Анна поднимается на цыпочки и шепчет на ухо Морицу:
— Для того, чтобы провозгласить себя императрицей!
— Императрицей? А как же твой сын?
— Иванушка придет к власти, когда станет взрослым. Но у меня так много врагов…
— Принцесса Елизавета?
— Говорят, адъютант фельдмаршала Миниха не так давно ходил к ней, — шепчет Анна, вместо слов любви. — Ах, Мориц, милый, если бы ты знал, в какой я опасности…
— Здесь нужно знать наверняка. Что значит — говорят? За твоей соперницей следят, я надеюсь? Ты обзавелась верным или хотя бы хорошо оплачиваемым тобою человеком в ее окружении?
— Мне докладывали, что — да.
— И что доносят из логова цесаревны?
— Что Елизавета отказалась от услуг фельдмаршала. Но это ничего не значит. Она может возглавить гвардию сама…
— Именно потому тебе так нужна поддержка военных… Было столь опрометчиво с твоей стороны сразу после… ммм… известных событий ошарашить Мишиха, обойдя его производством в генералиссимусы! И ради кого? Твой муж… Едва ли он годится в главнокомандующие!
— Я знаю, Мориц… И Юленька так говорит… Но я не могла поступить иначе! Миниху нельзя позволять забраться слишком высоко, иначе он расправит крылья и полетит еще выше… И он не обожжется, подобно Икару, а, наоборот, затмит нам солнце…
— Что же теперь?
— Теперь нам остается только один прожект, при воплощении которого ты и застал нас, Мориц.

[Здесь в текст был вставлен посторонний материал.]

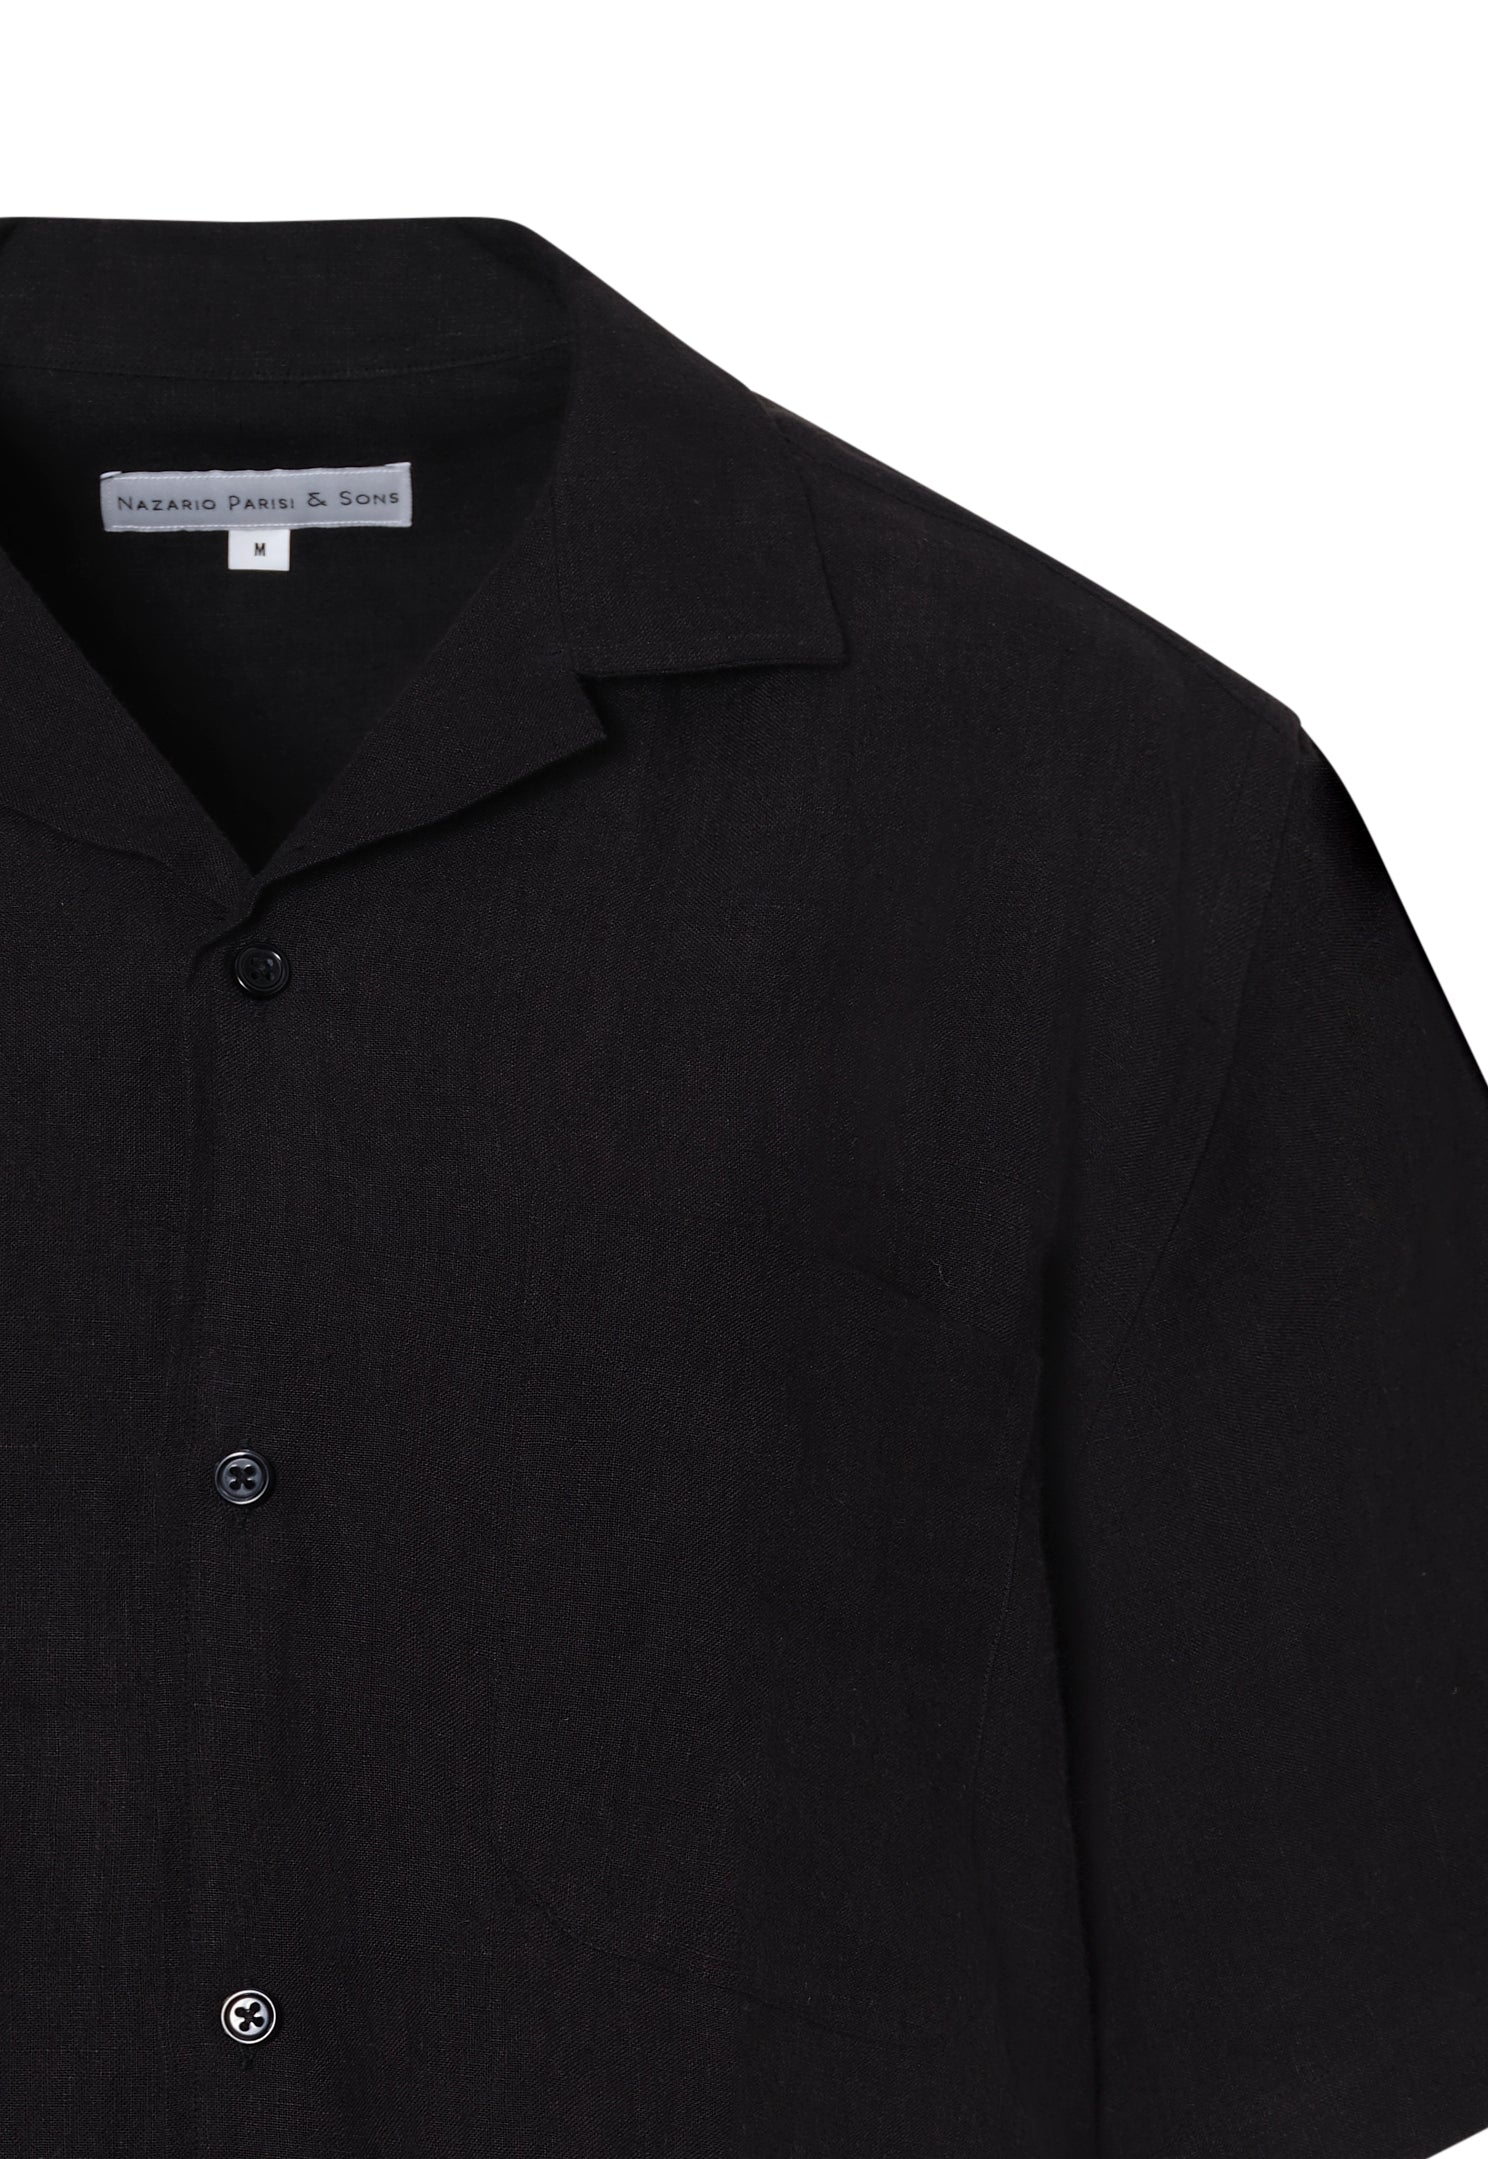 Formentera Black Short Sleeve Shirt

Мы обращаем имущество Биронов в звонкую монету. Если мне не по силам тягаться с цесаревной Елизаветой в сердцах наших бравых гвардейцев, я сделаю это в их карманах. Я смогу погасить долги по жалованию гвардии и щедро одарить ее деньгами, вплоть до последнего нестроевого. Этим-то золотым ключом я и затворю сердца наших всемогущих усачей от Елисавет! Ведь ей нечего им дать, кроме своих улыбок и этого гадкого пирога из моркови…
Тут Аннушка уставилась на обожаемого Морица с видом маленькой девочке, ждущей получить конфетку в награду за примерное поведение. Однако Линар, хоть и оценил интригу прожекта правительницы, не спешил хвалить его.
— Несомненно, Анхен, это сработало бы, если бы ты имела дело с германскими наемниками. Но здешние гвардейцы не таковы… Награду они, конечно, возьмут, не откажутся. Однако в решающий момент в них могут взыграть идеальные чувства, и улыбка Елизаветы покажется им ценнее твоего золота… Не забудь — они же русские!
Анна отмахнулась, не скрывая раздражения:
— Ах, оставь, солдаты везде одинаковы. И, мейн либер Мориц, я хочу немедля просить тебя участвовать в нашем прожекте, если я дорога тебе…
— Смотря в каком качестве, мон амур…
— Слушай, молчи и не возражай, мейн либер! Некоторые драгоценные камни из нашей добычи придется продать за границей. Мы отправим тебя с ними в Дрезден, столицу твоей Сакосонии, чтобы ты организовал нам выгодную сделку продажи!
— Но я едва приехал!
— Значит, тебе не придется распаковывать дорожных кофров, мейн либер. Ты поедешь, как только камни будут готовы к отправке. Я могу доверить сей драгоценный груз только тебе, своему самому верному, единственному другу!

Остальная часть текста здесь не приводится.